** About this task **
Your task is to return, word for word, only the lines from the line with "Каталог запчастей MARINER" through the close of the data. Exclude all pictures.

** Given data **

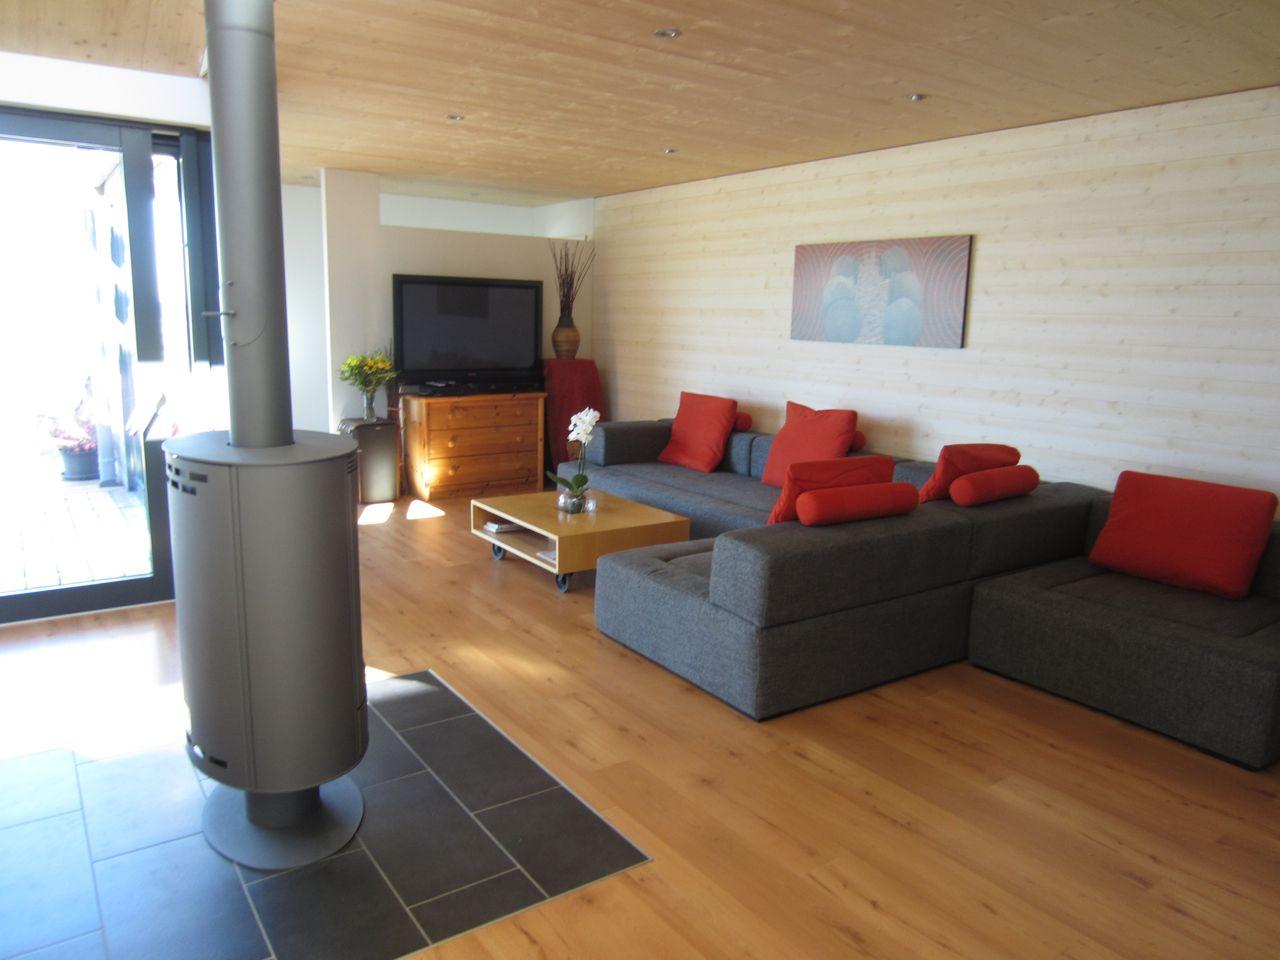 cuisine plafond bas hotte encastr e plafond bas dans. Black Bedroom Furniture Sets. Home Design Ideas
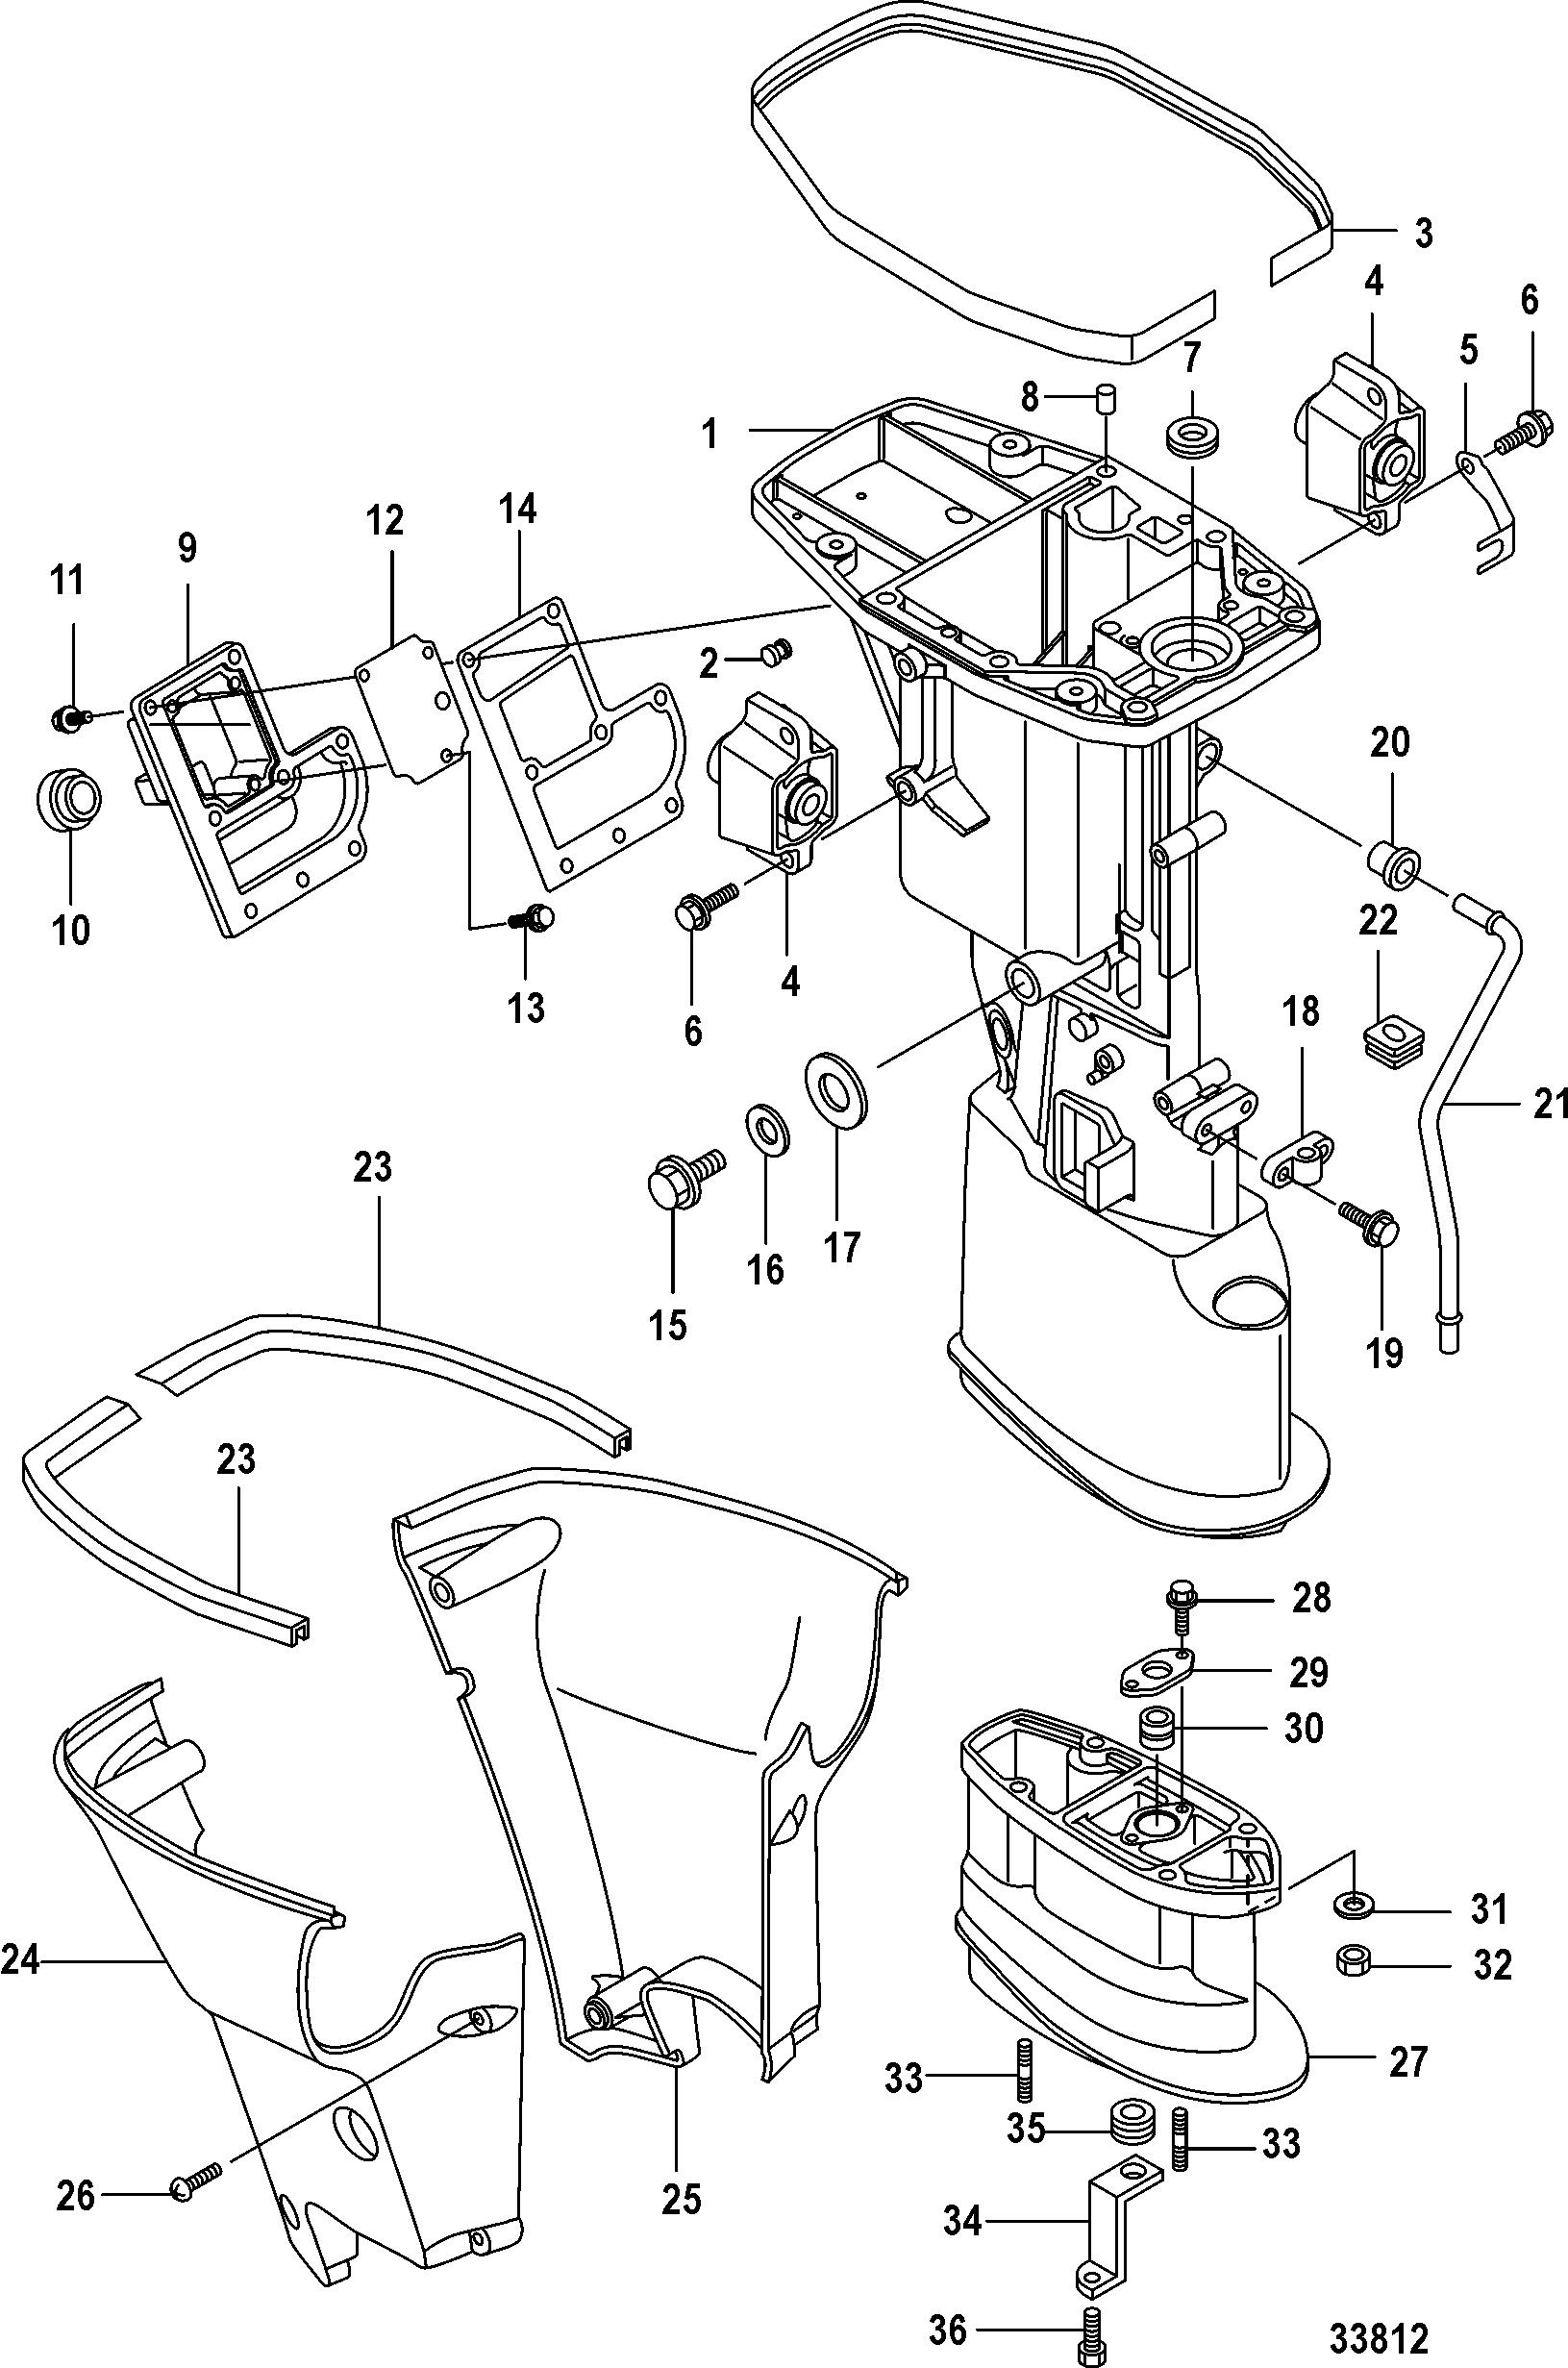 Каталог запчастей MARINER 15 Carb(2CYL)(4-STROKE) 0R235949
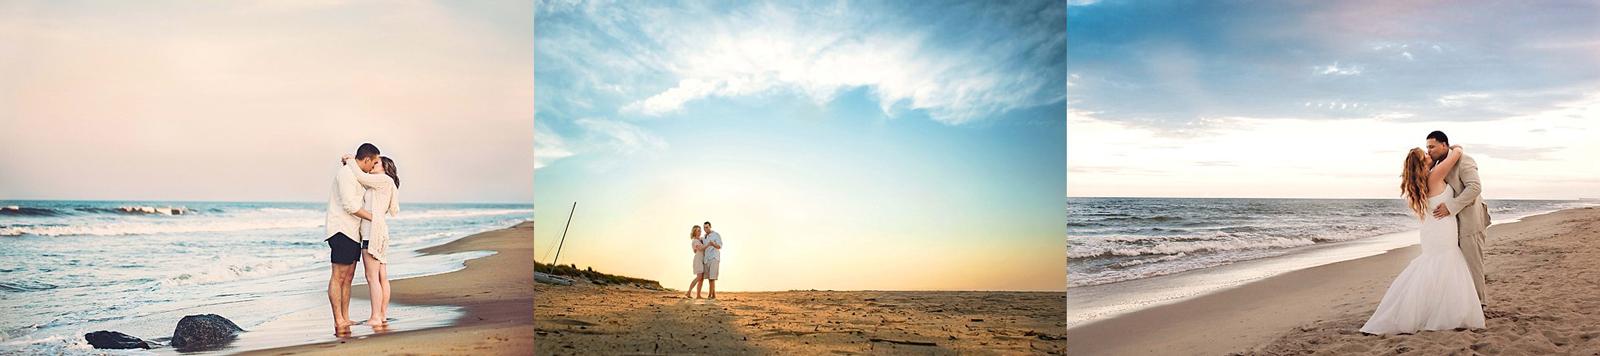 wedding-and-engagement-photographers-norfolk-virginia-beach-chesapeake-williamsburg-sandbridge-weddings

** Solution below **
 Каталог запчастей MARINER 15 Carb(2CYL)(4-STROKE) 0R235949
 wedding-and-engagement-photographers-norfolk-virginia-beach-chesapeake-williamsburg-sandbridge-weddings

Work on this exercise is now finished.